• İSTANBUL
  • İMSAK
    00:00
    GÜNEŞ
    00:00
    ÖĞLE
    00:00
    İKİNDİ
    00:00
    AKŞAM
    00:00
    YATSI
    00:00
  • 0.0
  • 0.0
  • 0.0
Zekeriya Say
Zekeriya Say
TÜM YAZILARI

Günaydın Ahmet Hoca!

06 Nisan 2023
A


Zekeriya Say İletişim: [email protected]

 

Kemal Kılıçdaroğlu liderliğindeki CHP, 31 Mart 2019’da gerçekleşen yerel seçimler öncesi başlattığı seçim kampanyasında, “Mart’ın sonu bahar”  sloganını kullanmış ve hazırlanan reklam filminde, “Başkanlarımız ayrım yapmaksızın halkı kucaklayacak. Çünkü Türkiye daha iyisini hak ediyor” ifadelerine yer vermişti.

Yapılan kirli ittifaklar neticesinde, başta İstanbul ve Ankara olmak üzere bazı büyükşehirler CHP’lilerin eline geçti…

İstanbul halkı olarak bizler, CHP’li Ekrem İmamoğlu’nun gelişiyle, baharı görmeden kara kışa tutulduk…

Türkiye şimdi de 14 Mayıs 2023 Cumhurbaşkanlığı seçimlerine hazırlanıyor. 

7’li koalisyonun cumhurbaşkanı adayı ve CHP lideri Kılıçdaroğlu, bu seferki kampanyasının sloganını, “sana söz yine baharlar gelecek” diye belirledi. 

Devletin şerefli bürokratlarına parmak sallayan, hükümet yetkililerini “yargılayacağız” sözleriyle tehdit eden Kılıçdaroğlu, önce Trabzon mitinginde, ardından Twitter’daki profil fotoğrafında, sözde baharı simgeleyen ve kırmızı beyaz iplikten yapılan “marteniçka” isimli bir urgan kullandı. 

Urgana atılan “düğüm” ise oldukça manidardı.

CHP’nin cemaziyülevvelini bilenler, “gardırop devrimleri” yüzünden binlerce Müslüman’ın idam edildiğini unutmayanlar, “darağacı” izlenimi veren bu paylaşımla, muhaliflere örtülü mesajlar verildiğini öne sürüyor.

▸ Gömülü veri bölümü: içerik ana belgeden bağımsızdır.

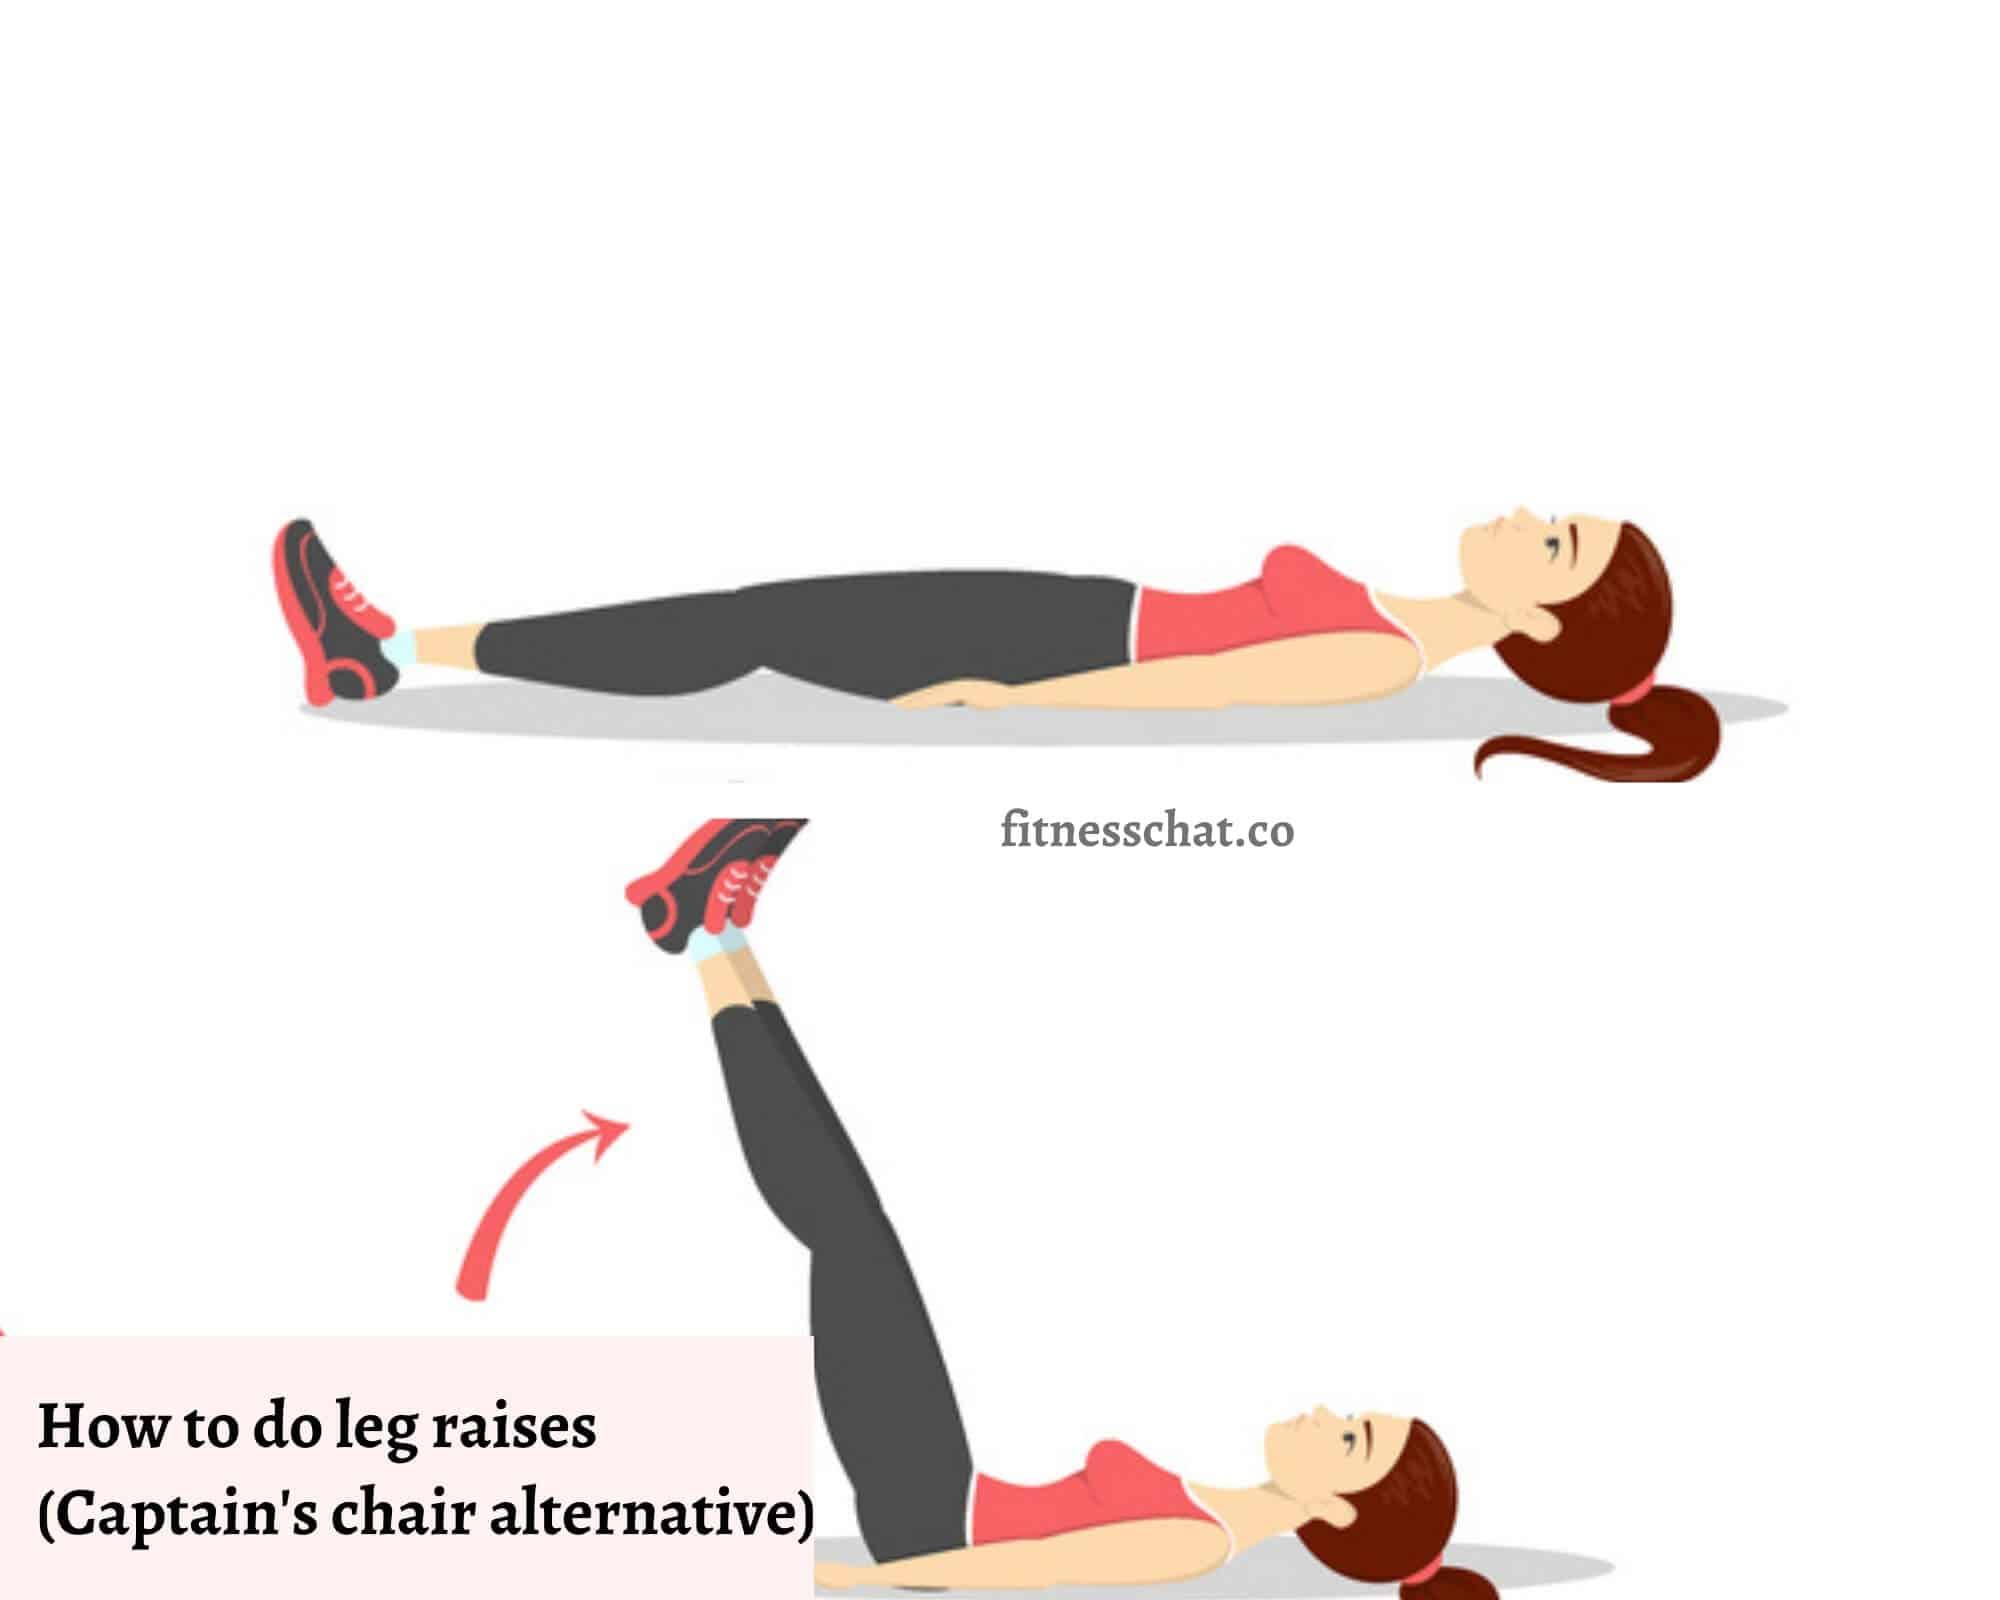 How to do leg raises (Captain's chair alternative at home)

“Helalleşme’ tiyatrosuyla yürütülen bu seçim kampanyasının ardından maazallah iktidara gelirlerse, Kılıçdaroğlu ve adamlarının çok büyük bir “hesaplaşma” içerisine girecekleri söyleniyor.

Üstelik bu “sır” değil.. 

Bizatihi Kemal Kılıçdaroğlu, hizmetle geçen 21 yıllık AK Parti iktidarıyla hesaplaşacaklarını, milli iradenin temsilcilerini, “Hapislerde çürüteceğiz, ağır cezalar getireceğiz” sözleriyle, zindanlarda çürüteceklerini dillendiriyor.

Tabii Bay Kemal konuşur da avanesi boş durur mu? 

“Oğlum” dediği Ekrem İmamoğlu’nun, iktidara yönelik, “akıllarını başlarından alırım” şeklindeki efelenmeleri…

Terör tutuklusu Selahattin Demirtaş’ın, Başkan Erdoğan’ı hedef alan, “Sen benim için ‘kaygılanmayı’ bırak da kendi vereceğin hesabı düşün” şeklindeki tehdit içerikli ifadeleri…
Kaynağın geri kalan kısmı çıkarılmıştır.